The prose poem is a medium difficult to describe–a paragraph? a story? a reflection? It’s shorter than a story, but not in short lines. It should make you catch your breath the way a poem does, I think. This one, by Robert Hass, does everything it should:

A Story About the Body

The young composer, working that summer at an artist’s colony, had watched her for a week. She was Japanese, a painter, almost sixty, and he thought he was in love with her. He loved her work, and her work was like the way she moved her body, used her hands, looked at him directly when she made amused and considered answers to his questions. One night, walking back from a concert, they came to her door and she turned to him and said, “I think you would like to have me. I would like that too, but I must tell you that I have a double mastectomy,” and when he didn’t understand, “I’ve lost both my breasts.” The radiance that he had carried around in his belly and chest cavity–like music–withered very quickly and he made himself look at her she he said, “I’m sorry. I don’t think I could.” He walked back to his own cabin through the pines, and in the morning he found a small blue bowl on the porch outside his door. It looked to be full of rose petals, but he found when he picked it up that the rose petals were on top; the rest of the bowl–she must have swept them for the corners of her studio–was full of dead bees.

Robert Hass

I love how this story seems both pared down to the essentials and so natural, as if the poet were simply speaking to you, telling a story that at the end resonates like a stone dropped in a pool.  So many echoes of feeling and experience radiate outward from the revelation to the gift.

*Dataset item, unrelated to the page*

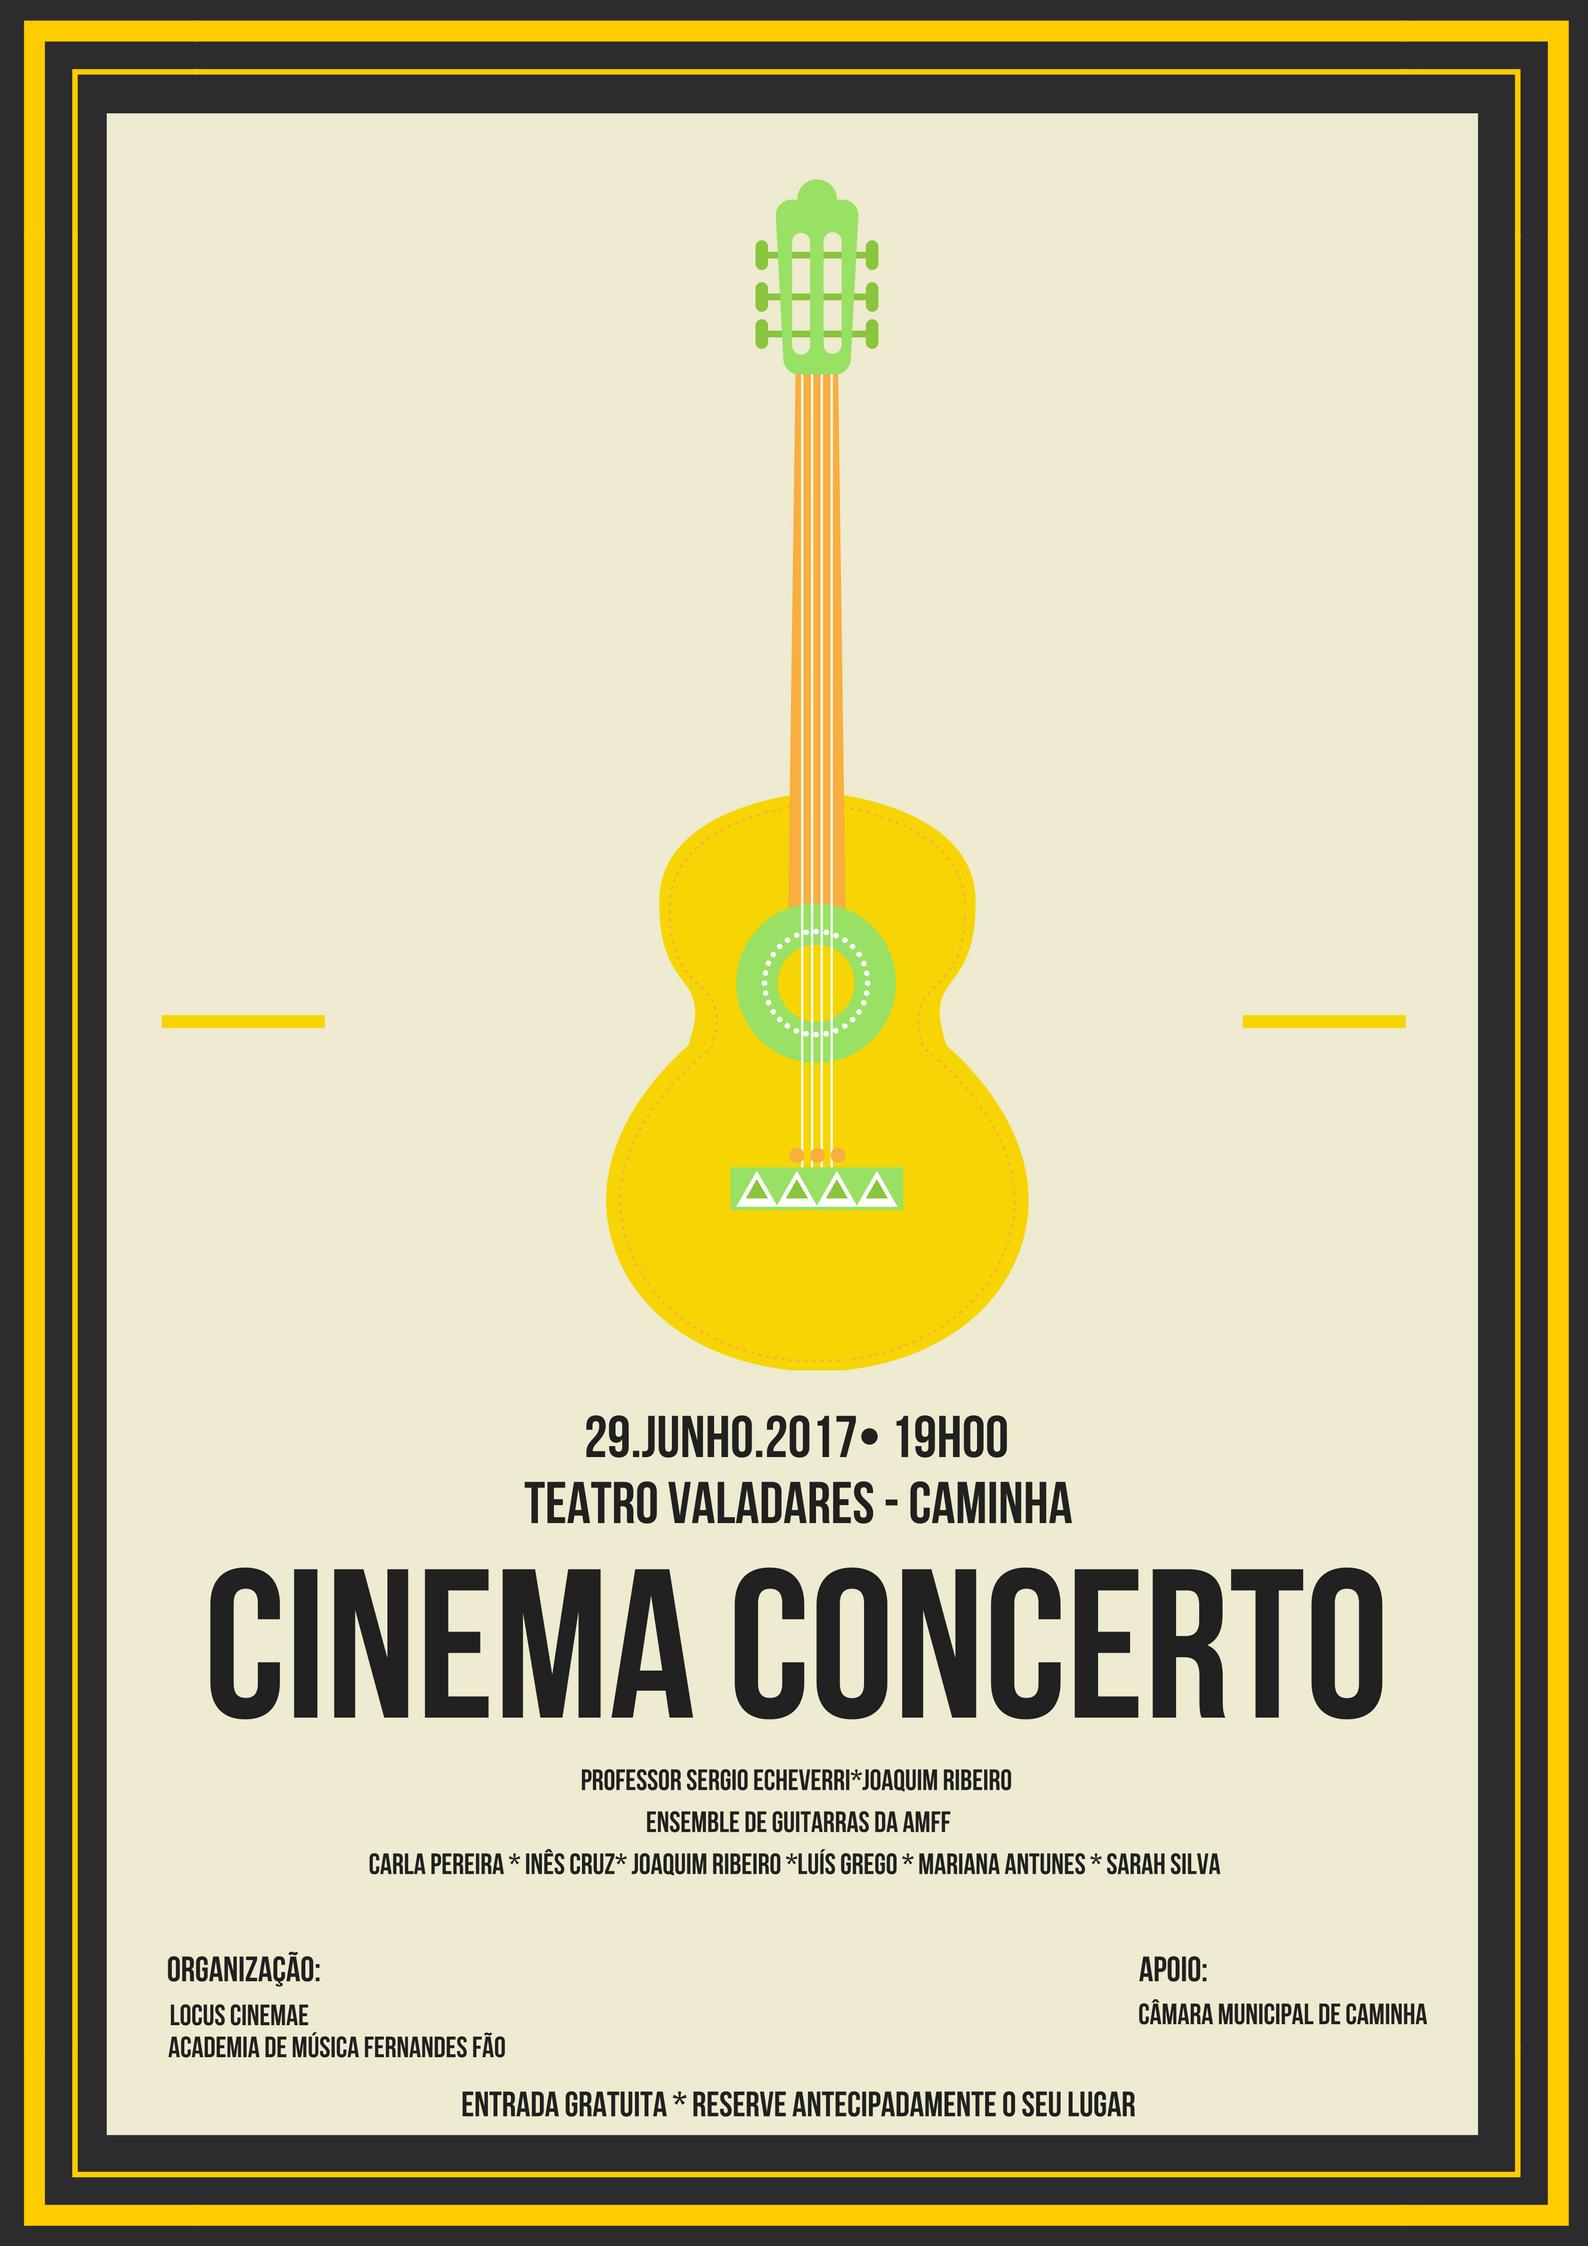 Cinema Concerto 2017

It reminded me of a performance I saw maybe twenty years ago in a high school gym in Concord, California. It was a group called Women Walking Tall, women who dance on stilts. I don’t know if the group had a lesbian orientation; I’d just come for a dance performance. Concord can be a redneck town, though, and apparently someone felt this group was suspect. The street was lined with anti-lesbian protesters interspersed with police. The long walk from the car seemed charged and dangerous, and the lighted gym felt like a besieged enclave. We sat on the bleachers, subdued and a little apprehensive. Finally the music started, slow and rhythmic; then eight or ten women came emerged, dancing on very, very tall stilts. They wore green and gold fringed pants that covered their legs and the stilts, so that they looked not so much like women on stilts as like some kind of long-legged, elegant creatures. From the waist up they were bare-chested. At least two of the women had had mastectomies. The long scars were like part of the costume. The women drew no attention to their breasts, present or absent; they simply and joyously inhabited their bodies. They danced in circles, slowly at first, then more and more wildly–exuberant and skillful. The small gym floor transformed into a ritual circle in praise of the living body. The noise of the protesters’ chants became part of the dance along with the red and blue strobes from the police cars flashing through the windows. Inside, we were part of a spell so strong that I have never feared physical disfiguration since–the dancers showed me that it is possible to praise the flesh whatever its form.